На самом деле, эти симптомы могут быть менее очевидны для человека, чем те, которые возникают при остром риносинусите. Однако они могут существенно повлиять на качество нашей жизни. Мы можем быть не в состоянии дышать хорошо через нос, который часто бывает более заблокирован по ночам. Это приводит к постоянному дыханию ртом, что может быть связано с плохим сном, летаргией, недомоганием и раздражительностью. Могут быть непрерывные выделения из носа, густые и обесцвеченные, часто стекающие по задней части носа к горлу, «после капель из носа».«Может быть отек вокруг глаз. Потеря обоняния может произойти и может быть постоянной. Прочищение горла, кашель и заложенность ушей часто присутствуют постоянно или периодически. Хронический риносинусит ставится на основании сочетания анамнеза и симптомов: эндоскопическое исследование полости носа и компьютерная томография.
ПРИЧИНЫ РИНОСИНУЗИТА
Риносинусит может возникать из-за структурных проблем и узких проходов, которые возникают в результате переменного развития нашего носа и носовых пазух.Искривленная носовая перегородка, изображенная ниже стрелкой и телескопическим изображением, является одной из таких проблем. Кроме того, существуют структурные проблемы, которые могут возникать из-за различного размера и формы каналов или остеомеатальных путей пазух. Эта блокировка может привести к плохой работе. Аллергии, такие как пыль, пыльца, а также раздражители окружающей среды, такие как дым и химические вещества, могут привести к постоянному отеку тканей и вызвать закупорку и риносинусит. Иногда рекомендуется пройти тестирование на аллергию, и, если это оправдано, могут быть назначены инъекции аллергии и / или лекарства от аллергии, такие как антигистаминные препараты и лечебные спреи для носа.Все такие продукты пытаются контролировать опухшие ткани и улучшать их функции.

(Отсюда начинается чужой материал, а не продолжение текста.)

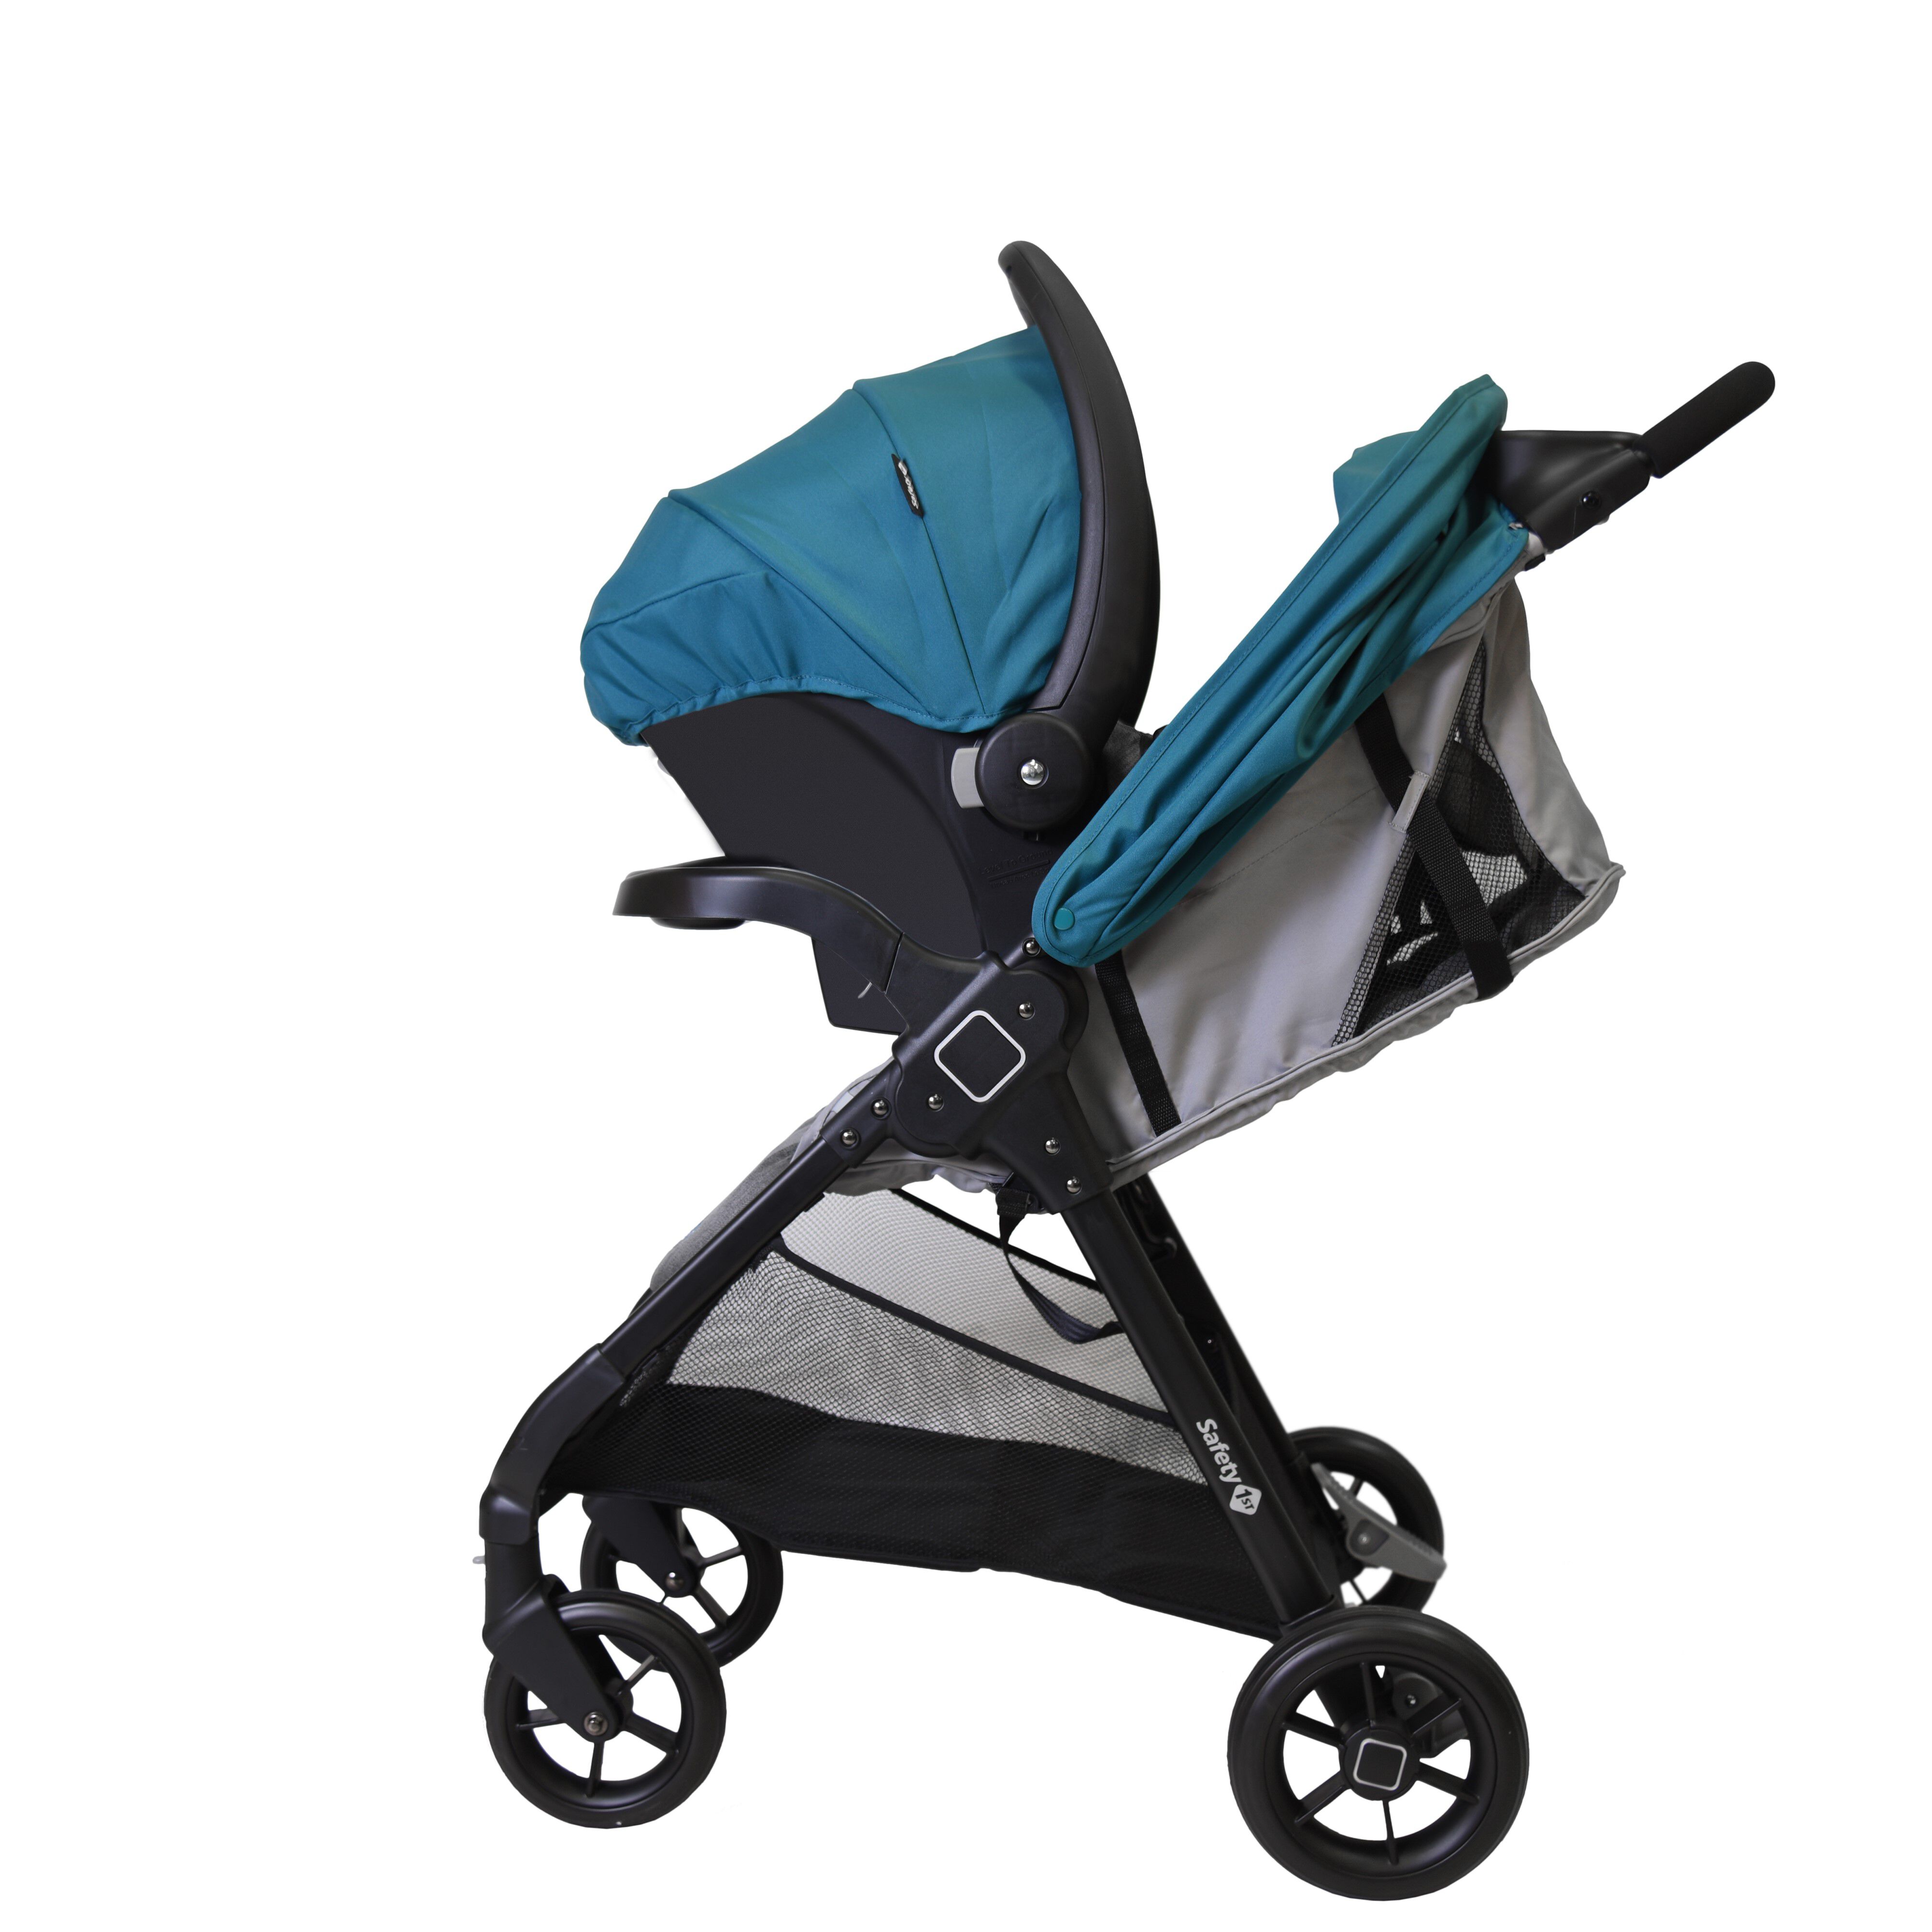 safety 1st travel system reviews

Искривление носовой перегородки, блокирование синусового прохода
Совсем недавно грибок был обнаружен в слизистых оболочках многих пациентов с хроническим риносинуситом и может быть фактором общего аллергического процесса. Грибы — это организмы, которым не нужен свет, поэтому они могут жить во влажных и темных местах. Поэтому нос и носовые пазухи — естественные места для обнаружения грибков. Грибы могут вызывать аллергическую реакцию из-за своего присутствия.Мы не считаем, что это настоящая инфекция, и поэтому лекарства от грибковых инфекций обычно не назначаются. Кроме того, такое лекарство может иметь серьезные побочные эффекты. В некоторых случаях мы назначаем противогрибковые или другие средства для промывания носа и носовых пазух. Для получения дополнительной информации посетите сайты www.mcspnc.com и www.neilmed.com. Часто эти продукты не эффективны до тех пор, пока полость носа и носовые пазухи не открыты хирургическим путем в случаях хронического риносинусита.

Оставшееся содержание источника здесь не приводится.